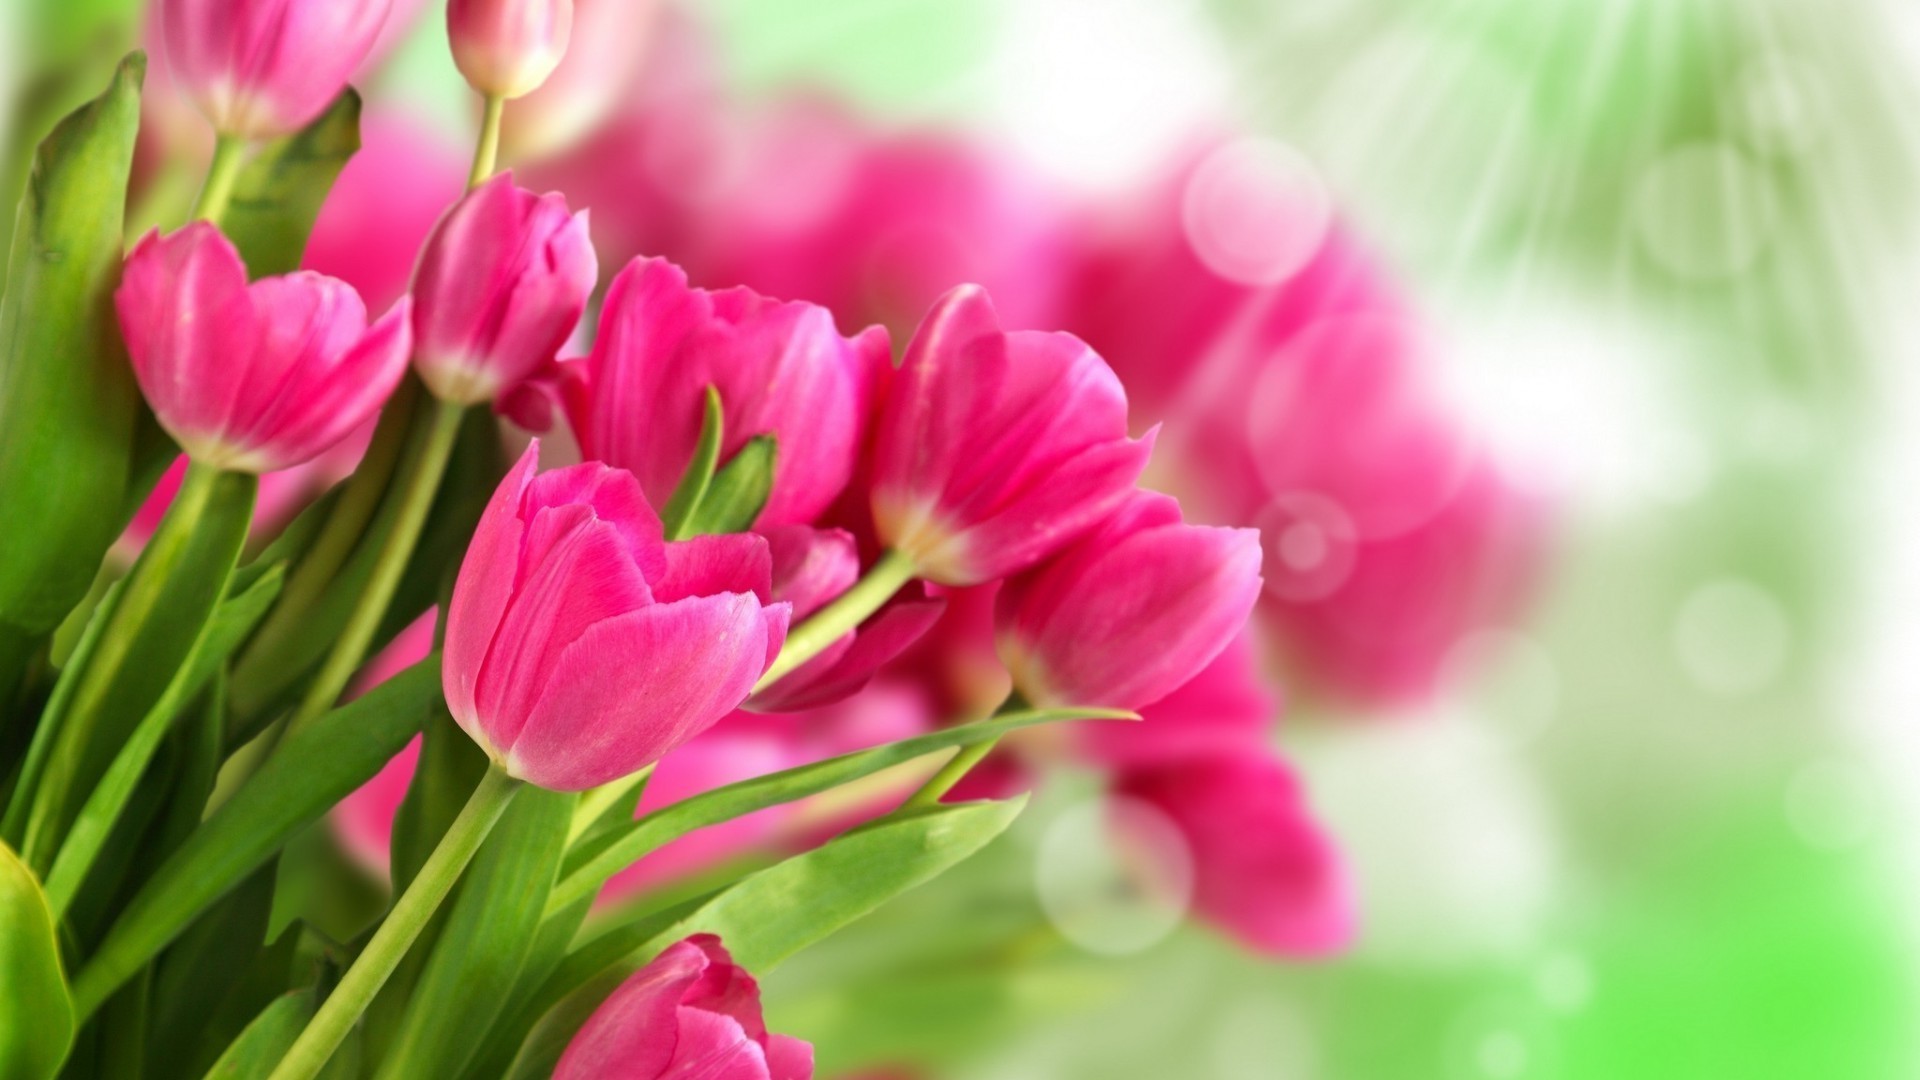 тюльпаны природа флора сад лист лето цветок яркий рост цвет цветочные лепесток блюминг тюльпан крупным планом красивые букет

=-=-=-=-=

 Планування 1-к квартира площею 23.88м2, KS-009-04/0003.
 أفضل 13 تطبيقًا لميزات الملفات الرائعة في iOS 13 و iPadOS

=-=-=-=-=

--- EXERCISE INSTRUCTIONS ---
In the records above, the line with "Планування 1-к квартира" marks the start and the line with "أفضل 13 تطبيقًا" marks the end; copy that stretch exactly, both lines included, and nothing else.

--- ANSWER TO THE EXERCISE ---
 Планування 1-к квартира площею 23.88м2, KS-009-04/0003.
 أفضل 13 تطبيقًا لميزات الملفات الرائعة في iOS 13 و iPadOS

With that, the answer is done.